Industry Interest and Contracts
Encouraged by the pilot’s outcomes, Arrow Analytics has begun to attract attention from both airports and airlines seeking to modernize their ground‑handling processes. Kumar disclosed that the company has already secured contracts with Pittsburgh International Airport and an undisclosed facility in the Atlanta metropolitan area. These agreements involve deploying the camera‑AI system at key boarding bridges to provide continuous luggage analytics. The interest from major aviation hubs suggests that stakeholders recognize the potential benefits: reduced gate‑delay incidents, more efficient use of cabin space, lower incidence of gate‑checked bags, and improved accuracy in weight‑and‑balance calculations—a factor that can influence fuel consumption and flight safety.
Future Prospects
Looking ahead, Kumar characterizes the current milestones as “only just the beginning.” Arrow Analytics plans to expand its camera network to additional boarding bridges, enhance the AI’s ability to forecast bin occupancy based on historical flight data, and explore integration with airline reservation systems to offer passengers real‑time bin‑availability updates during check‑in or mobile boarding pass generation.
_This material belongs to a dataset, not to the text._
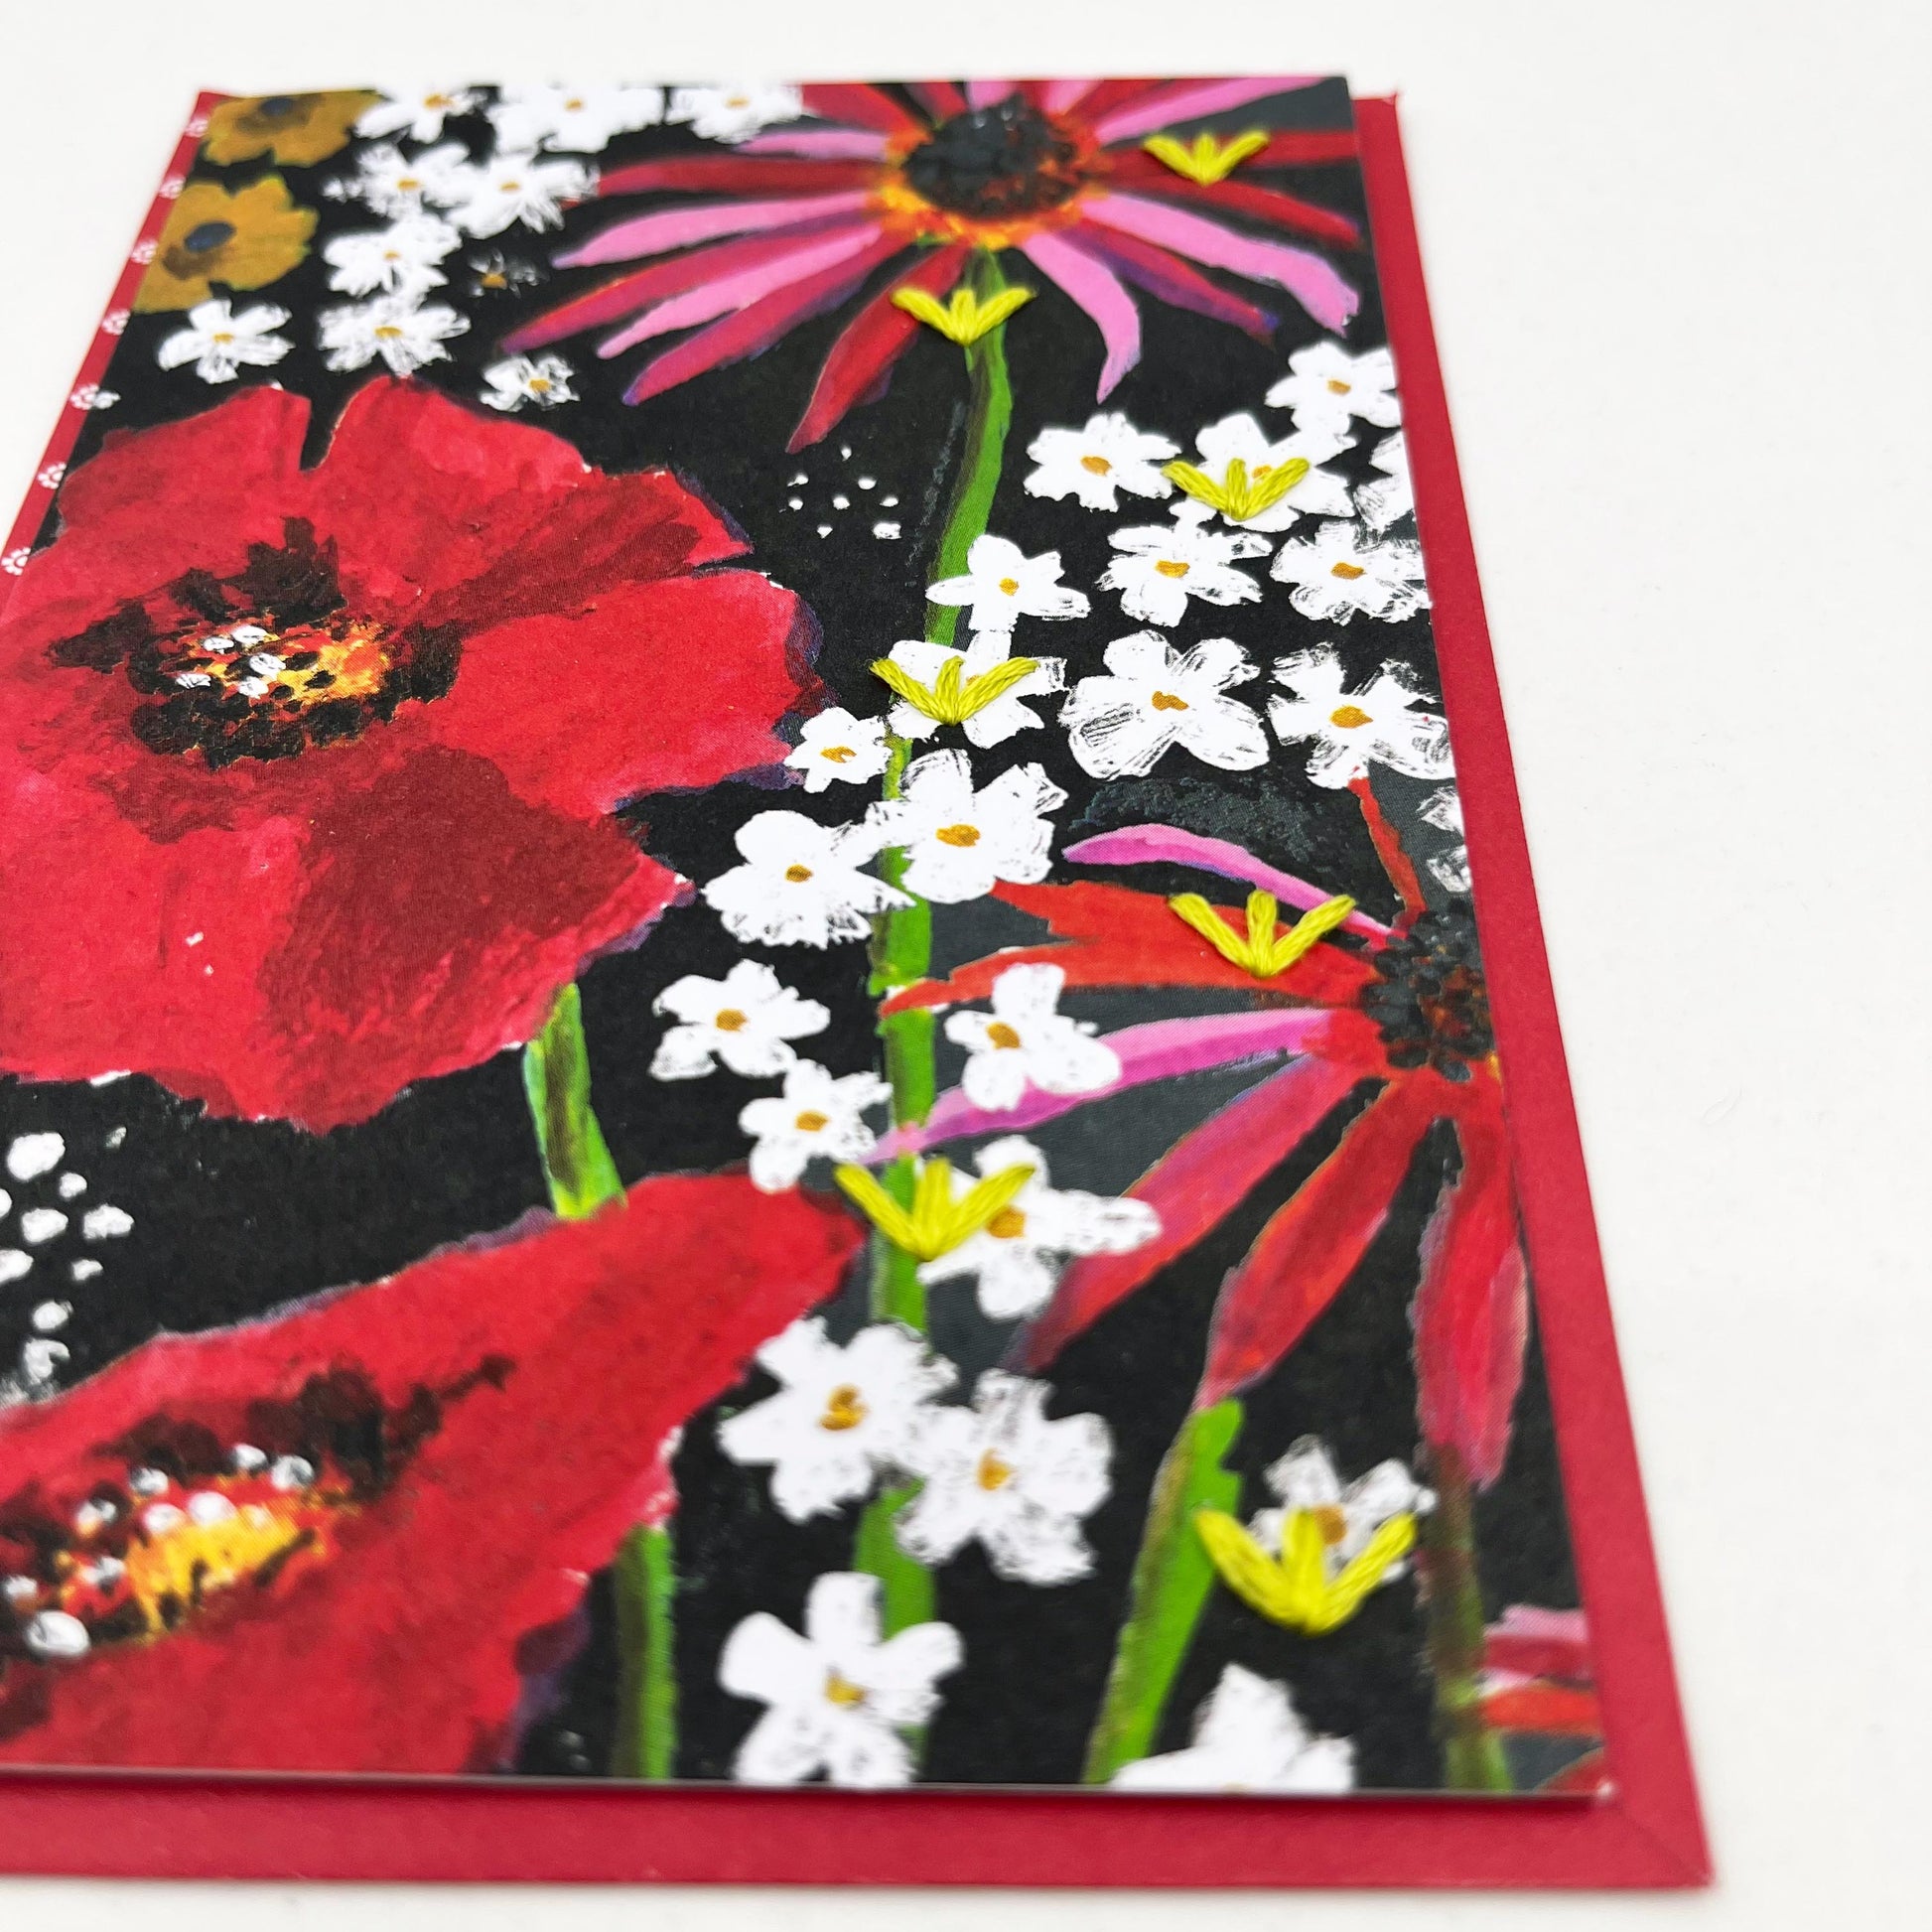 Greeting card standing flat on an envelope. artwork of painted flowers in red pink and white. Chartreuse stitches of sprout shapes in zig zag pattern on right side of card

Longer‑term visions include using the collected data to inform aircraft cabin redesigns, optimize loading sequences for different aircraft types, and support sustainability initiatives by minimizing unnecessary fuel burn caused by excess weight from mis‑estimated luggage loads. As air travel rebounds and passenger expectations for a seamless journey rise, solutions like Arrow Analytics’ could become a standard component of modern airport operations.
Conclusion
Arrow Analytics emerged from a simple observation made by a frequent traveler: the chronic mismatch between passenger carry‑on volume and aircraft overhead‑bin capacity. By deploying ceiling‑mounted cameras coupled with AI‑powered computer vision, the startup offers a novel, autonomous method to count, measure, and classify every item entering the cabin. Successful pilot testing and early contracts with Pittsburgh International Airport and an Atlanta‑area facility demonstrate market validation and industry appetite for the technology. With ambitions to scale the system, refine its predictive capabilities, and embed it deeper into airline and airport workflows, Arrow Analytics aims to transform a longstanding source of boarding friction into a data‑driven, efficiency‑enhancing asset for the aviation ecosystem. As the company moves beyond its nascent stage, its progress may well signal a new era of smarter, more predictable cabin management.